What you wrote is not entirely correct. What you should've used is the reverse triangle inequality $$|\lVert x_k\rVert-\lVert a\rVert |\leq \lVert x_k-a\rVert\leq M$$
This gives that $$-M\leq\lVert x_k\rVert-\lVert a\rVert\leq M$$ $$\lVert a\rVert-M\leq\lVert x_k\rVert\leq M+\lVert a\rVert$$
so the sequence is bounded. It seems strange to use Bolzano Weiertrass, since what you're being asked to prove is precisely that theorem. I would argue as follows. You probably know the result of Bolzano Weiertrass for $\Bbb R^1$. But one can extend it easily to $\Bbb R^n$. Consider a bounded sequence in $\Bbb R^n$ $${\bf x}_k=(x_{k,1},x_{k,2},\ldots,x_{k,n})$$
By Bolzano Weiertrass, $x_{k,1}$ has convergent subsequence, $y_{k,1}=x_{n_k,1}$. Now look at $${\bf x}_{n_k}={\bf y}_k=(y_{k,1},y_{k,2},\ldots,y_{k,n})$$
This is now a subsequence of the whole ${\bf x}_k$. We know the subsequence $y_{k,2}=x_{n_k,2}$ is bounded, so it has a convergent subsequence by Bolzano Weiertrass in $\Bbb R^1$, which we will call $z_{k,2}=y_{k_j,2}$. Now we have a subsequence of ${\bf y}_k$ (which was already a subsequence of ${\bf x}$, whose two first coordinates have matching subindices and both converge. And as you should see by now, we ultimately obtain a subsequence of "deepness $n$" (meaning it will be the subsequence of a subsequence of ... a subsequence of ${\bf x}$ - $n$ times) which we can call $${\bf x'}_j=(x_{j,1}^\prime,\ldots, x_{j,n}^\prime)$$ which converges, since each coordinate converges. Thus, Bolzano Weiertrass is proven for $\Bbb R^n$. Since closed balls are closed sets, your claim follows, since closed sets contain their limit points.

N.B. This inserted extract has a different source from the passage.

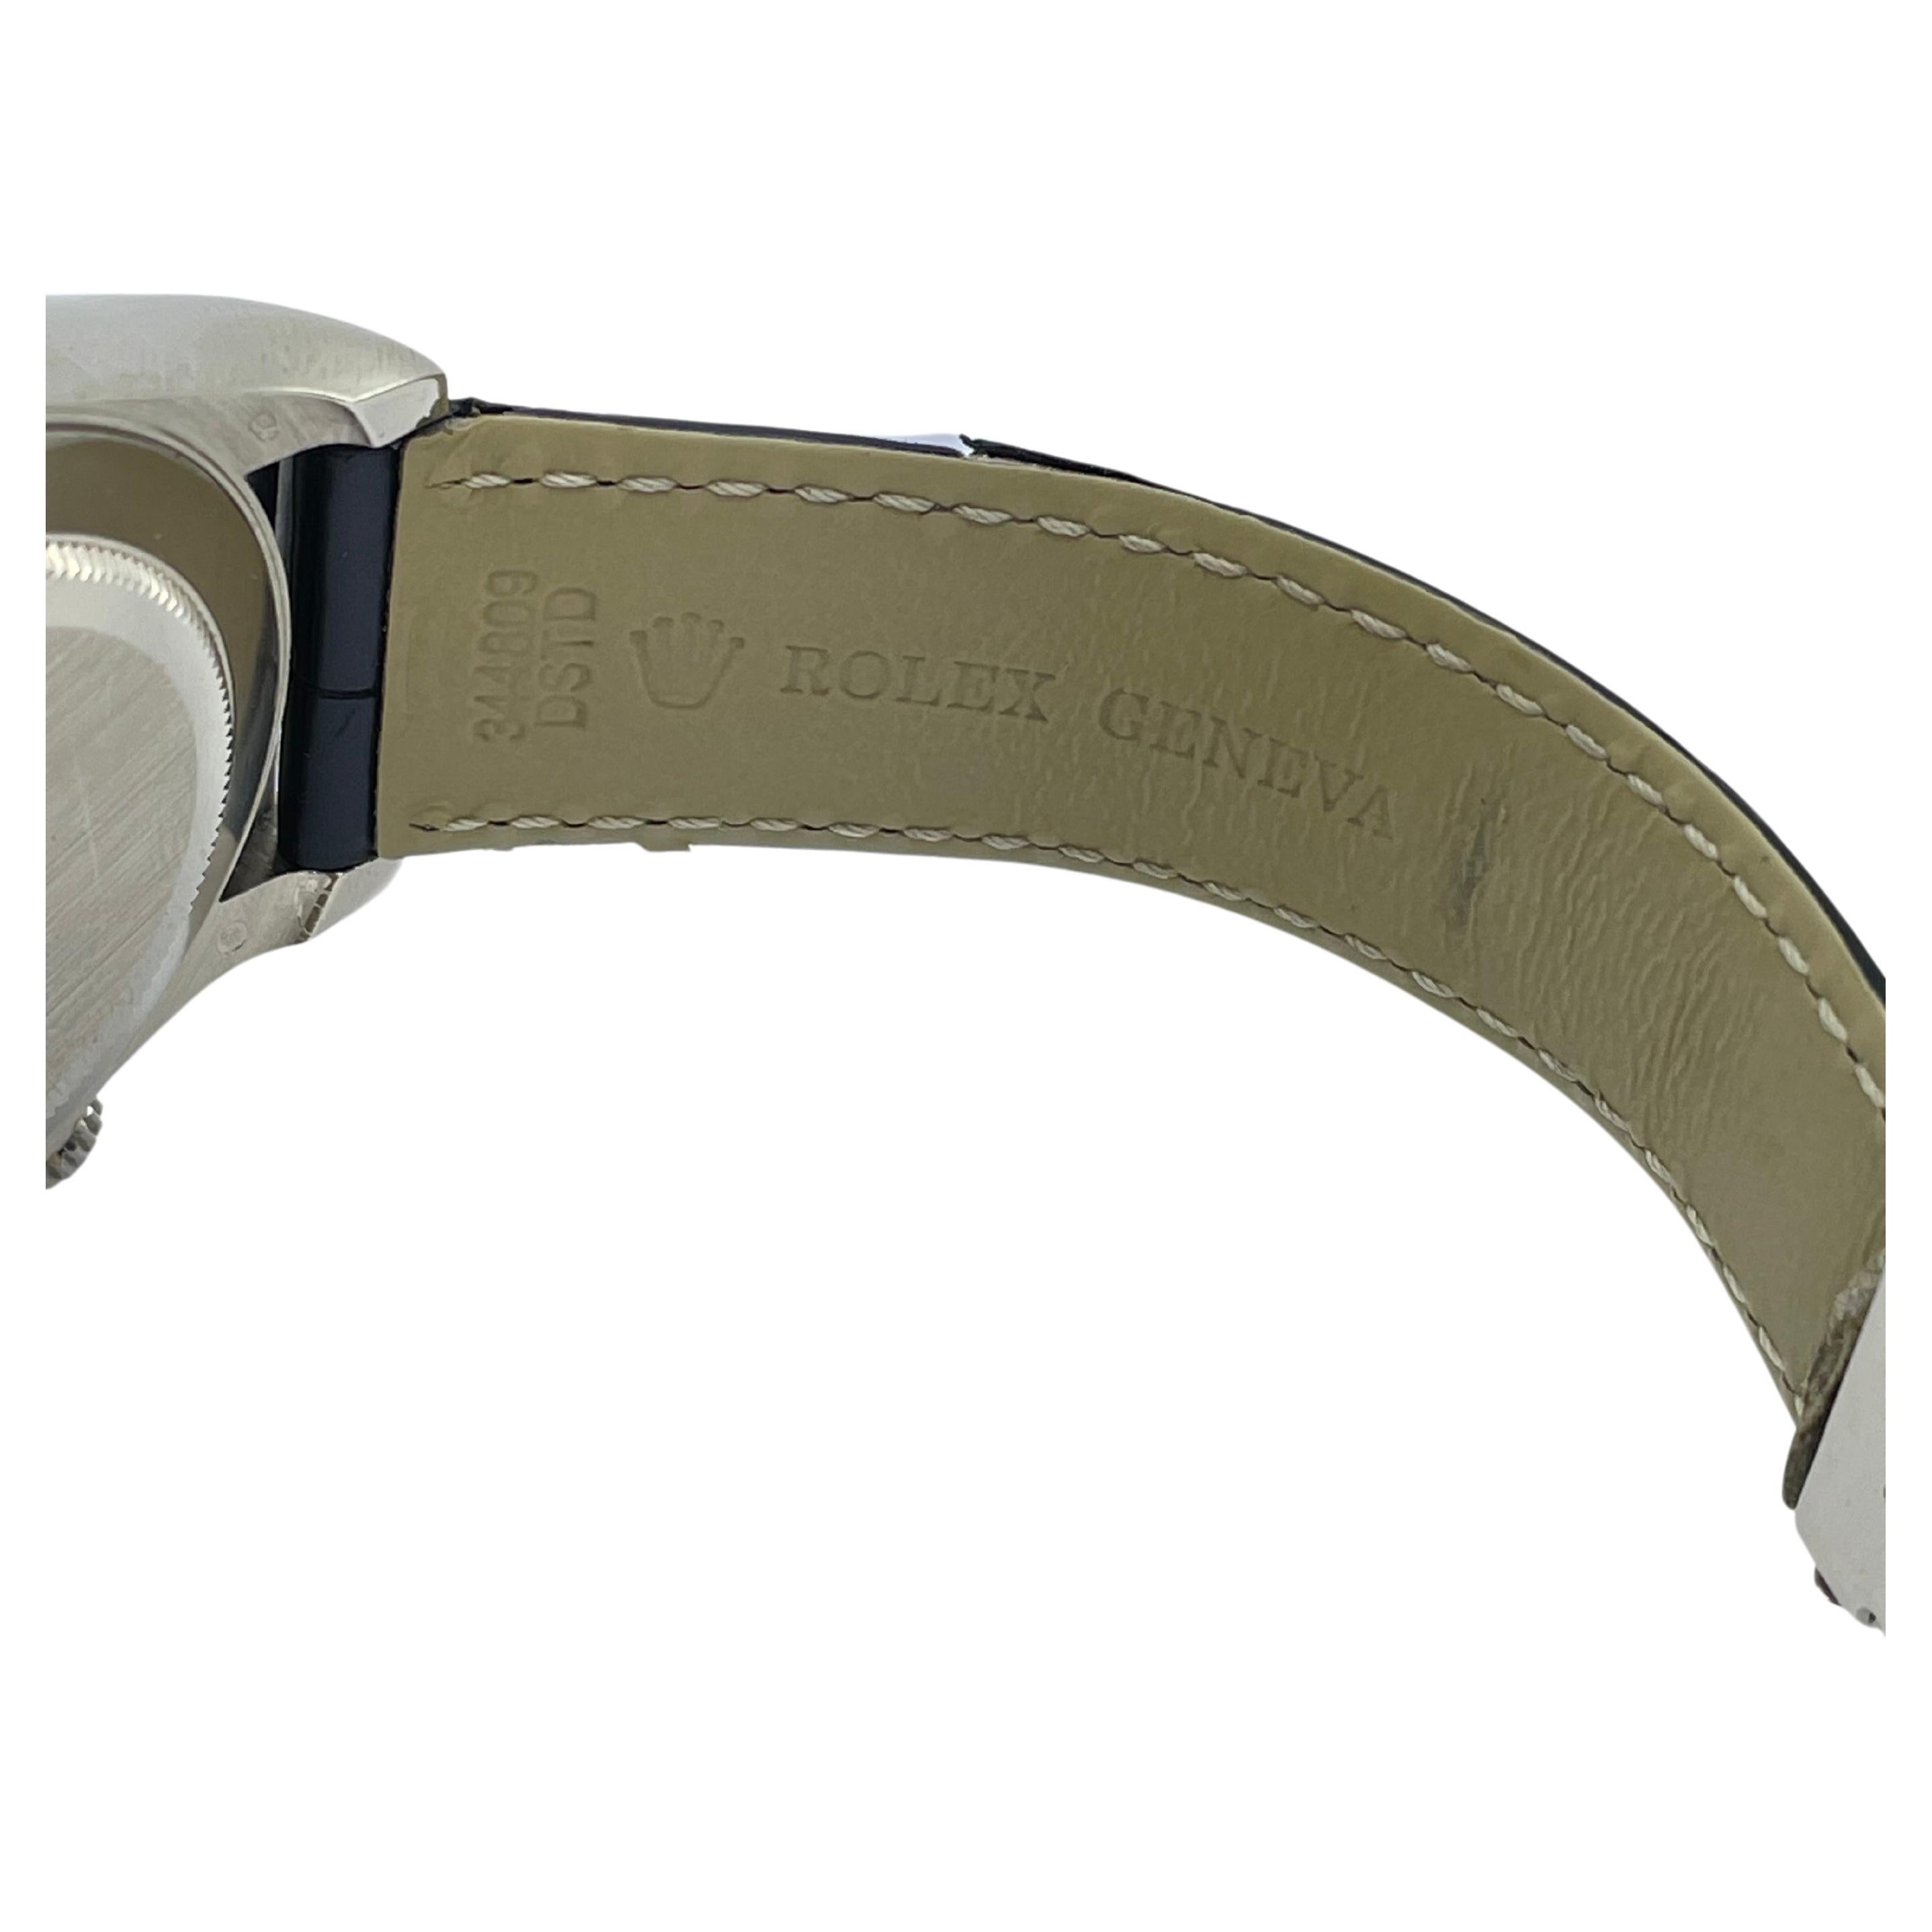 Rolex Daytona Cosmograph whitegold diamond dial Ref:116519 For Sale 1

NOTE Bolzano Weiertrass is precisely the statement that every closed ball in $\Bbb R^n$ is compact, equivalently sequentially compact, or that $\Bbb R^n$ is locally compact, that is, every point $a\in\Bbb R^n$ has a neighborhood whose closure is compact.
Best Answer
Resolution 1. The fact that set does not appear in (A) is fine. Certainly not every set is a sequence. Sequential compactness of a set $A$ means that every sequence in $A$ has a subsequence which converges in $A$. If $A$ is bounded, that means that every sequence therein is a bounded sequence. Bolzano Weierstrass gives us that each sequence has a subsequence which converges in $\mathbb R^n$. But if we also assume that $A$ is closed, that subsequence converges in $A$. Therefore, $A$ is sequentially compact. The key here is that we have a set, and we have to prove things about sequences in that set. That is how the sequences from Bolzano Weierstrass help with the sets in sequential compactness.
Resolution 2. If a bounded sequence has a convergent subsequence, it does not mean that the sequence must be closed. Consider, for instance, the sequence $\{1/n\}$. Every subsequence converges to $0$, but the sequence is not closed as a set. But this is still okay. Bolzano Weierstrass says that a bounded sequence has a subsequence which converges in $\mathbb R^n$. If that sequence lives in a non closed set, then the point to which the subsequence converges may not be in that set. But since a closed set contains all of its limit points, any convergent subsequence in a closed set converges in the set. We need this because a set being sequentially compact requires that the subsequence converges inside the set.